Иногда он думал о том, какой бы она была, его жизнь, если бы Оксана всё время находилась рядом с ним: и дома, и на работе… Что было бы тогда? Был бы он счастливее? Лида была как мать, как старшая сестра, с ней он мог жить в домашних тапочках… Она брала на себя почти весь быт, делала так, что у него быта не было. Он приходил с работы, ощущая, как голову опять стянуло обручем, а ноги всё труднее оторвать от пола: будто магнит притягивает железо. Заваливался на диван, взяв в руки пахнущую типографской краской газету, включал телевизор, чувствуя, как до него доплывает запах жарящихся котлет, закрывал глаза и, бросив газету на пол, думал о том, что у него есть будущее, что он по-прежнему может найти тёплые материнские колени, в которые легко спрятаться от этого страшно большого и чужого мира.
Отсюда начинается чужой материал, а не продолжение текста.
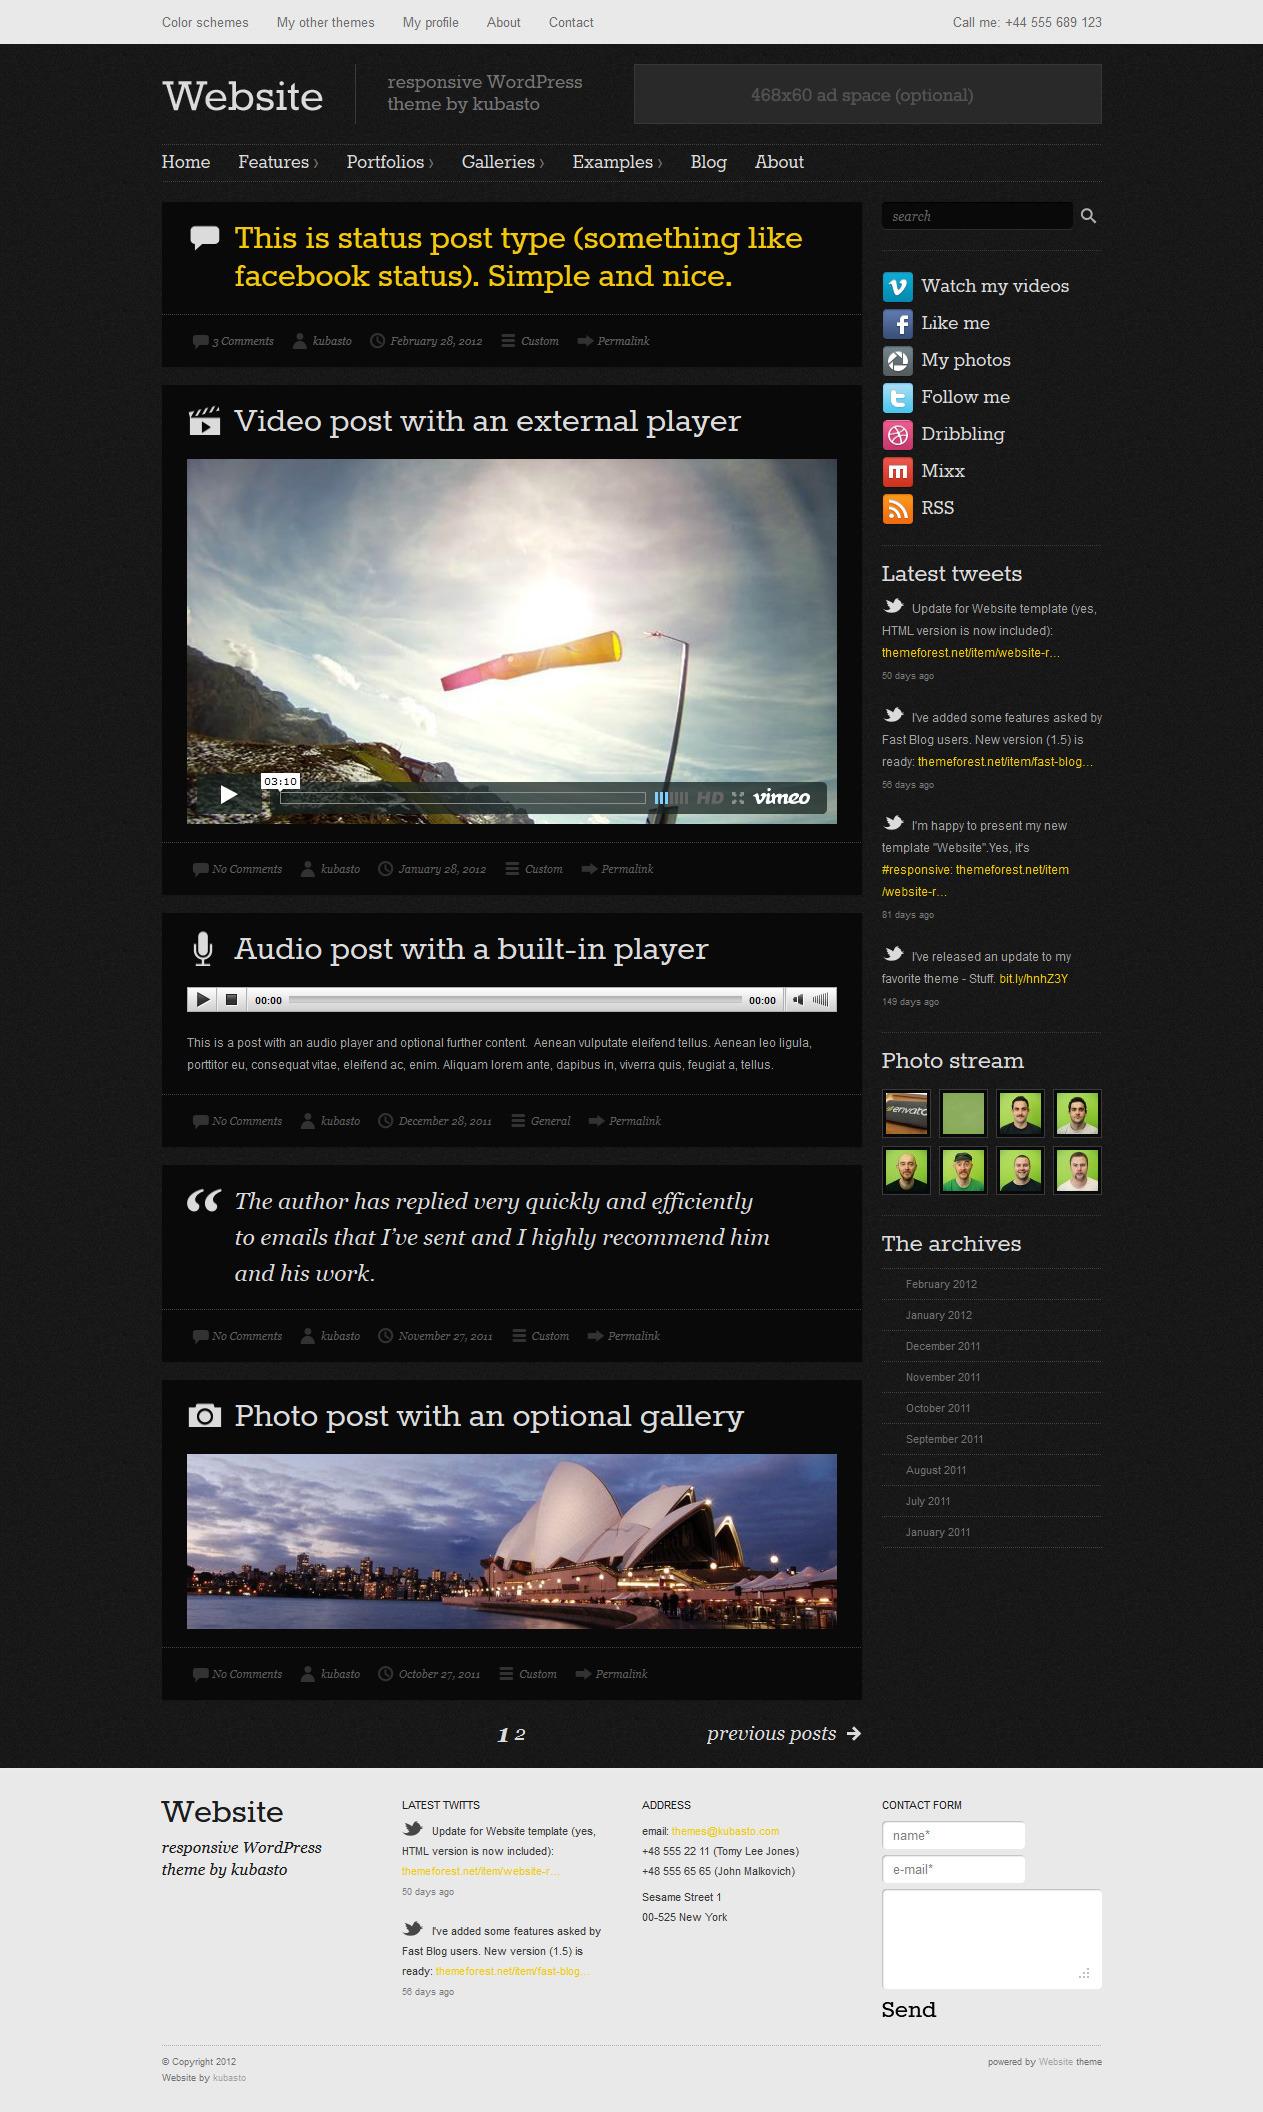 Website - Responsive WordPress Theme

С Оксаной же он был старшим, который должен был вести её за ручку через дебри жизни. Ему нравилось заботиться о ней, но выдержал ли бы он эту пожизненную роль опекуна? С ней он становился
Так или иначе, его жизнь оказалась теперь поделённой на две несмешиваемые части. Но, будто в пароварке, в которой одновременно приготовленные блюда были тщательно разделены по разным этажам, аромат каждого этажа проникал в другой… С последнего этажа по каплям просачивался не только запах, но и вкус… Внизу была Лида и дети, незыблемая основа его благополучия, которая, как внушали ему с детства, должна быть крепостью и крепость эту надо строить по кирпичику, возя на себе тяжёлые мешки песка и цемента, и катить по жизни телегу с камнями, точно коляску с младенцем: бережно и осторожно… Хорошо смазанный механизм, производящий мало тепла, но работающий бесперебойно. Он чувствовал себя вполне гармонично в этой жизни… Просто в серую, но мягкую и тёплую, будто бабушкин пуховый платок, обыденность ворвались краски цыганских нарядов… Позолотите ручку! И у Вас будет впереди большая любовь, длинная дорога… к самому себе, тому, которого тщательно запирали в монашеской келье, набитой пыльными пожелтевшими книгами… Жизнь нуждается в острых ощущениях, иначе она угасает ещё при жизни. А его жизнь искрилась теперь новогодним бенгальским огнём, от которого летели искры, отбрасывающие свой свет на все окружающие его лица.
Как будто раньше он видел мир свозь грязные стёкла, засиженные осами и мухами, и вдруг в окно кто-то бросил камень. Свет брызнул мелкими осколками, грозя поранить и изрезать… Он увернулся и от увечившего камня, и от мелких звенящих брызг, похожих на водяные капли, отражавших солнечный свет в его лицо, и стоит теперь и смотрит на промытый от въедливой пыли мир, удивляясь яркости его красок.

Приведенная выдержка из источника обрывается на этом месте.